“It's been a good eight days lads. Good crew and we smashed out the job.” The mood was jovial as myself and my two workmates were ten minutes from the airport, ready to catch a late afternoon flight back to civilisation and exciting plans ahead that had been made. My phone pinged with a text message:
FLIGHT CANCELLATION - please note due to cancellation of VA1894 this afternoon you have been placed on the next available flight tomorrow morning QF1805 departing 09:30am.
“Faaaaaarrrk!” Was the collective war cry from the three of us in the dusty work ute. We kept on to the airport hoping for a miracle, but our flight had indeed been cancelled. There was a line of people who had been bumped from the cancelled flight on to the last two flights out of town for the day. We weren't included. Casual contractors aren't priority in this instance. If you were a worker who was closer to the top of the pyramid, you got priority due to your ‘better’ position. Welcome to 2023 where the class system is well and truly alive and kicking.
People love to have smoke blown up their own asses. Buy a Rolex and be part of a special club. Get the car and experience better. Here is the diamond platimum credit card only for our elite customers. We live in a world of status. People generally don't ask you what you do for a job because they are genuinely interested in you. They ask so they can then assign you to where you fit into the food chain in relation to them. If you've got a 'shit' job, that's a below me. Doctor, pilot, business owner? Whoaaah! That's above.
I've not really played the status game too much. I aim to treat the janitor the same as the CEO. Many people do. Many don't though, judging by how they treat service staff. More as lowly servants than equal human beings.
There is a famous sketch on the class system from 1960s British comedy show The Frost Report.
Man on left: I look down on him because I am upper-class.
Middle man: I look up to him because he is upper-class; but I look down on him because he is lower-class. I am middle-class.

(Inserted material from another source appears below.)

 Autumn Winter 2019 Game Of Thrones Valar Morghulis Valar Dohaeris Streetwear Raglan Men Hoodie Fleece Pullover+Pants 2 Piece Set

Man on right: I know my place. I look up to them both.
Growing up in NZ and spending much of my adult life in Australia I've often heard that it's different here. We don't have a class system. I used to believe this. I don't now. I mean, the beauty of Australia is that you can get a job as a janitor and make $130 000 per year working in one of the many remote mining or oil and gas work sites. Conversely, there are managers in the big cities on less than $100k per year. Status in this instance is a little muddled.
Technology has also added a grenade to the mix. A twenty year old woman can sign up to Onlyfans and take her clothes off, gain a million drooling, simping men as paying subscribers and become an empowered influencer with lots of fame and money. She may even be asked her opinion on topical news stories. Her status initially a lower class nobody, now a somebody. The woman in question is sexy (and willing to degrade or empower herself depending on which angle you are looking at it from) and hence worthy of high status.
I think the class system has never really gone away. Go to university or college and get a good job is advice that also means: get some of that sweet high status too. I hear it in conversation. “The guy is an alcoholic and overweight, but he's got a good job.” “He's boring, but rich.” “She's crazy, but her husband is a finance guy.” Character flaws often overlooked if somebody is a somebody.
I find that where status becomes irrelevant is when you catch up with genuine old friendships. I have friends who are doctors, teachers, carpenters, boilermakers and truck drivers. We like and respect each other, so status doesn't matter.
As much as I can say status doesn't matter at all to me, I'd be disingenuous somewhat. It does to a degree. Working in a restaurant in a lower position, I saw how some workers treated people in higher positions. Young girls fluttering their eyelids to managers - men of status. I have membership of frequent flyer programs where I'm aiming to get to the next level and unlock extra benefits and entitlements. The system may not be fair, but it's here and to operate in the world you will be judged by the masses on your position on the layer cake, which leads me to a neat quote from English gangster movie, Layer Cake…
“You're born, you take shit. You get out in the world, you take more shit. You climb a little higher, you take less shit. Till one day you're up in the rarefied atmosphere and you've forgotten what shit even looks like.”
You can opt out and live in the bush no doubt. You can move to a commune where everyone is supposedly equal. Otherwise, to be part of the world is to be part of the status game.
Do you want to be a player with a 95% status rating or a 5% one? We are born with a certain level of status. Where we end up depends on how well we play the game. The choice to play is yours.